Some C # and VB Performance optimization recommendations http://msdn.microsoft.com/en-us/library/ms173196 (v=vs.110). aspx (Note: This link has no content in the original text, the connection address should be made http:// msdn.microsoft.com/en-us/library/ms173196 (v=vs.100). aspx)


Some advanced optimization recommendations http://curah.microsoft.com/4604/improving-your-net-apps-startup-performance





--------------------------------------------------------------------------





The above is the whole story of this article, many things are actually very basic, such as value types (such as structure) and reference types (such as classes) and the difference between the use of scenes, string operations, box unboxing operations, etc., these in the CLR Via C # This book has a systematic description and explanation. It is particularly necessary to emphasize that many times we do not realize that boxing operations occur, such as the enumeration types mentioned in the article to get hashcode will cause boxing, and the same problem is that, usually when we use the value type as the Dictionay key, Dictionay in the internal implementation will call the key of the GetHashCode method to get hash value to hash, the default method will cause boxing operation, before the interview I was also asked this question, in a long time ago, Lao Zhao wrote an article to prevent boxing implementation in the end, only to do half also failed This is a special topic, so you need to be careful when writing code.





Microsoft has rewritten C # and Visual Basic compilers with the managed language and achieved better results than the previous compilers, and more importantly the compiler is open source, and many of the powerful features of VS are built on some of the compiler's compilation and analysis results. This is the embodiment of the compiler as a service, that is, "the traditional compiler is like a black box, you enter code at one end, and the other end is generated." NET assembly or object code, and so on. The black box is mysterious, and it's hard for you to get involved or understand its work at the moment. "Now that the compiler is open source, we can use some of the results that are generated in the middle to implement some functions, such as C # Interactive (sometimes called repl, or Read-eval-print-loop)." If you do, you can rewrite a simple Visual Studio.

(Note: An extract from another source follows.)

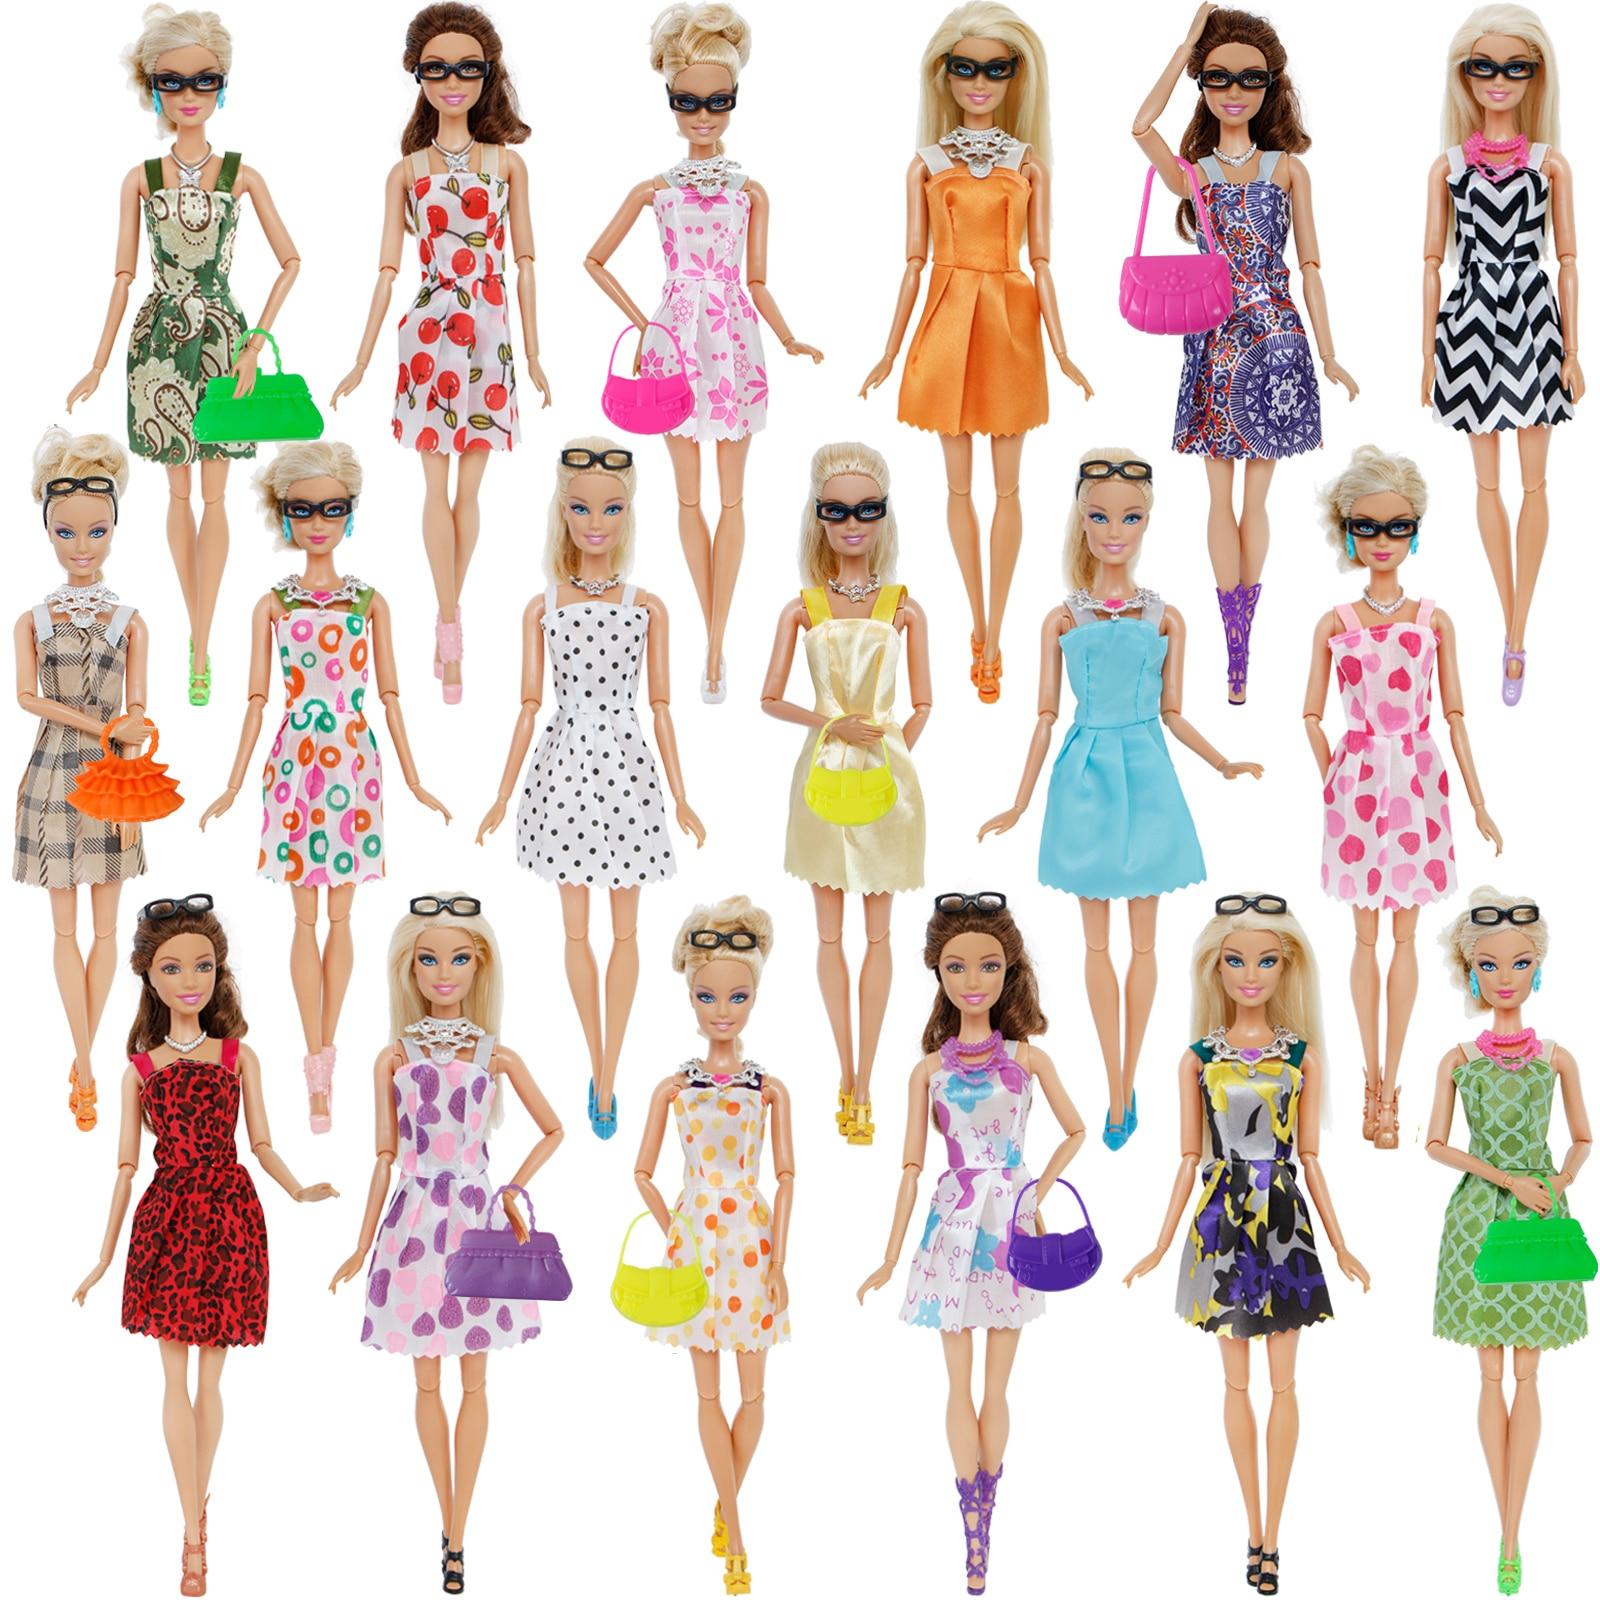 32 Accesorios para Muñecas=10 Vestido+4 Lentes+6 Collar de plastico+10 zapatos

The author of the article describes performance optimization practices in C # and Visual Baisc compilers using managed languages to explain some of the considerations and suggestions for performance optimization, in many ways, such as StringBuilder allocation overhead, caching of async function return values, The extra memory allocations generated by LINQ and lambda expressions are impressive. There is also a very important aspect is not blindly without the basis of optimization, first locate and find the cause of performance problems is the most important, I used to use the CLR profile, VS profiles and dottrace to view and analyze the performance of the application, The Perfview tool mentioned in this article is used by the Microsoft internal. NET Runtime team to see the information that the general tools can't provide, and it is very powerful and has a detailed description of how the tool is used in CHANNEL9. The following is a brief description of how the tool is used.

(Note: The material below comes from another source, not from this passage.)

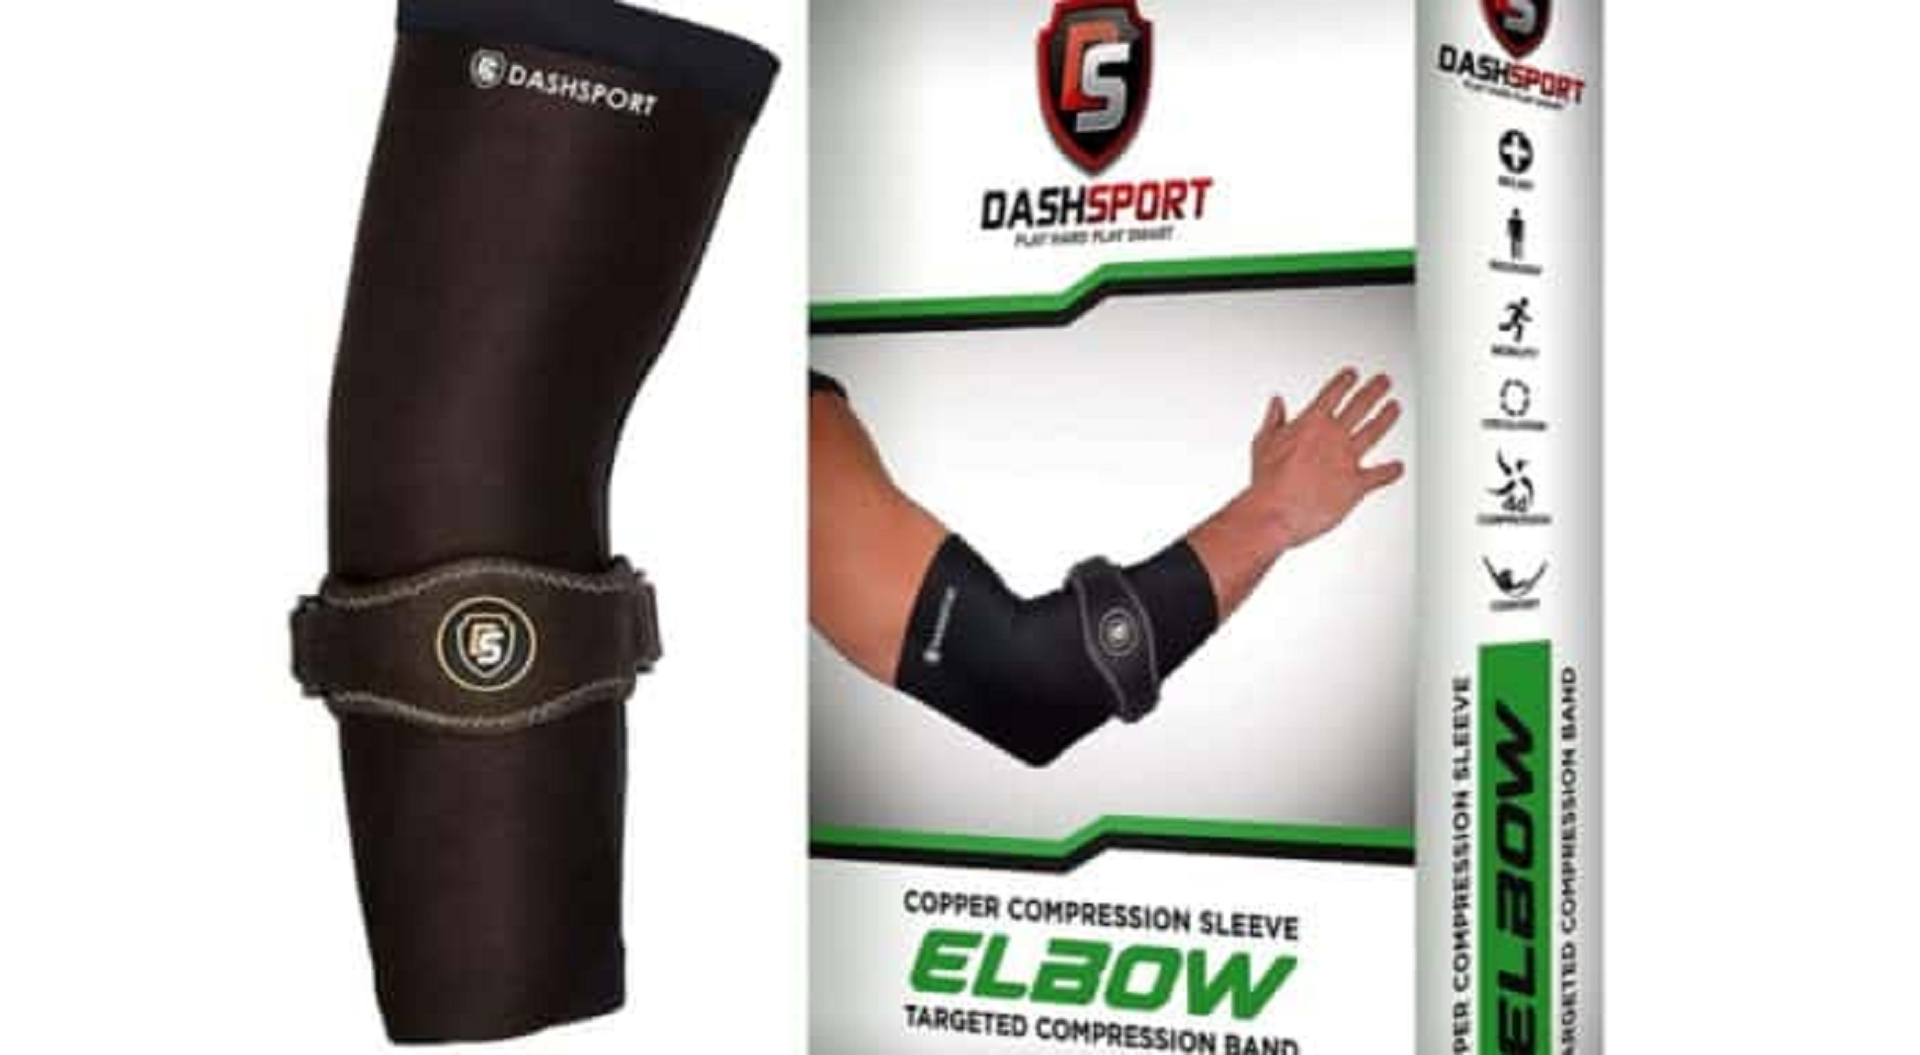 dashsport tennis elbow sleeve

I hope this article will help you to optimize the performance of. NET applications.


Contact Us

The content source of this page is from Internet, which doesn't represent Alibaba Cloud's opinion; products and services mentioned on that page don't have any relationship with Alibaba Cloud. If the content of the page makes you feel confusing, please write us an email, we will handle the problem within 5 days after receiving your email.

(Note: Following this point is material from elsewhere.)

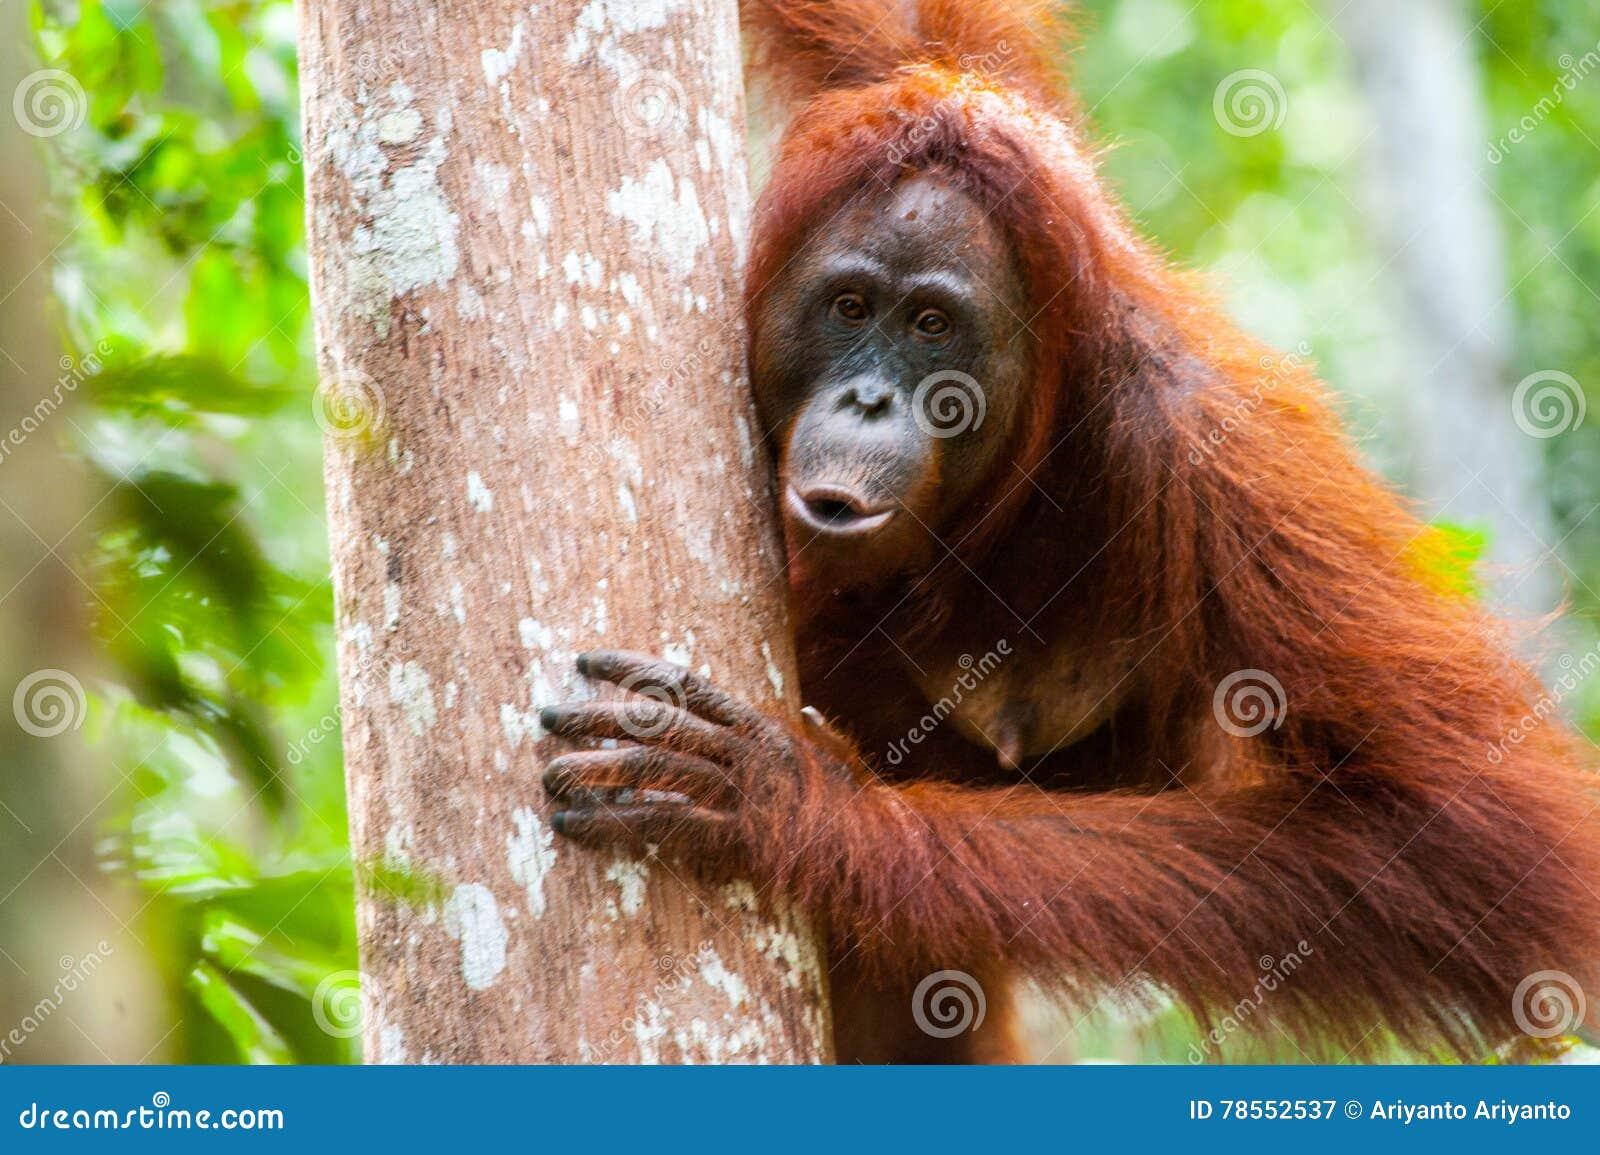 Orangutan kalimantan tanjung puting national park indonesia

If you find any instances of plagiarism from the community, please send an email to: info-contact@alibabacloud.com and provide relevant evidence. A staff member will contact you within 5 working days.

A Free Trial That Lets You Build Big!

Start building with 50+ products and up to 12 months usage for Elastic Compute Service

  • Sales Support

    1 on 1 presale consultation

  • After-Sales Support

    24/7 Technical Support 6 Free Tickets per Quarter Faster Response

  • Alibaba Cloud offers highly flexible support services tailored to meet your exact needs.